Not much going on today with my own donor egg cycle. I started injections of 10 units of Lupron yesterday and this I can tell you: Lupron = instant menopause. I'm sweating like a pig and my face looks like I've had three glasses of wine before breakfast, and I nearly cried at a red light this morning on the way to work.
Over the weekend I happened on a couple of news stories that made me think about an important question for donor egg mothers, and for egg donors: Whose baby is it, anyway?
In a recent California case, the court has said that a lesbian egg donor who donated the eggs used to impregnate her partner has no parental rights to the resulting twin girls, whom she helped to raise for five years until the couple split up. The case is to be appealed to the California Supreme Court. (For more on this case, see this article and this one.)

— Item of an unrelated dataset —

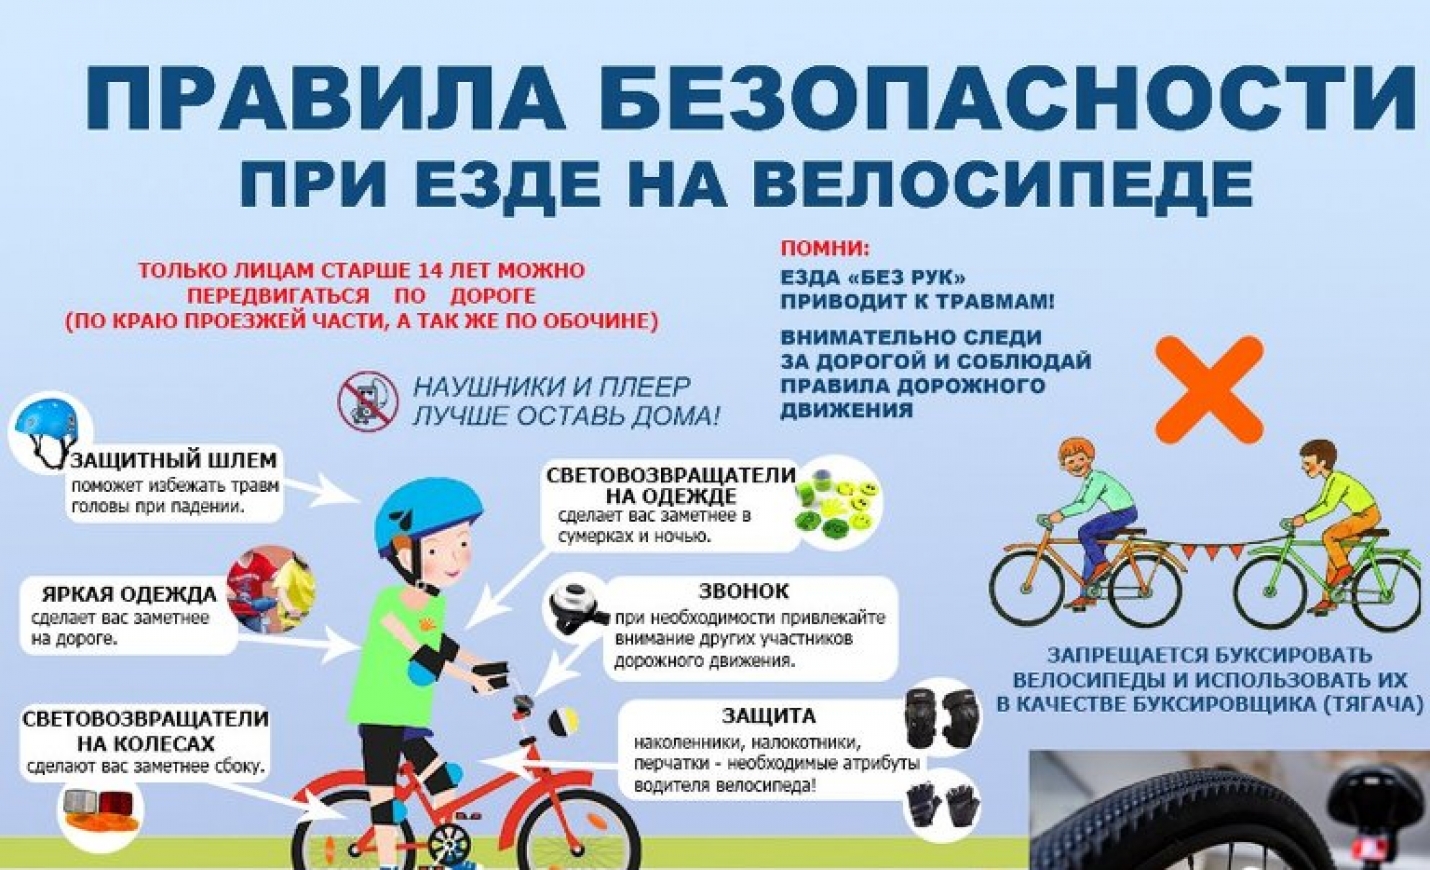 Движение велосипеда по дорогам общего пользования. Памятка ПДД для велосипедистов для детей. Правила для велосипедистов. Безопасность езды на велосипеде. Правила езды на велосипеде.

The ruling was made in part because the woman signed a standard egg donor agreement at the couple's fertility clinic. Although both state laws and the text of clinic donor agreements vary, all stipulate that the egg donor relinquishes parental rights to any children born of her donation. Under the Uniform Parentage Act, maternity and parental rights can be established by genetic testing, completed adoption, or by giving birth to the child. Approximately 19 states have adopted a version of the Uniform Parentage Act. In one infamous surrogacy case, Buzzanca v. Buzzanca, the court initially ruled that a child born of an embryo donation via surrogacy had no parents. In a later ruling, the court determined that "parental relationships may be established when intended parents initiate and consent to medical procedures, even when there is no genetic relationship between them and the child." The court quoted a legal commentator on the subject, saying that the intended parents are the "first cause, prime movers, of the procreative relationship."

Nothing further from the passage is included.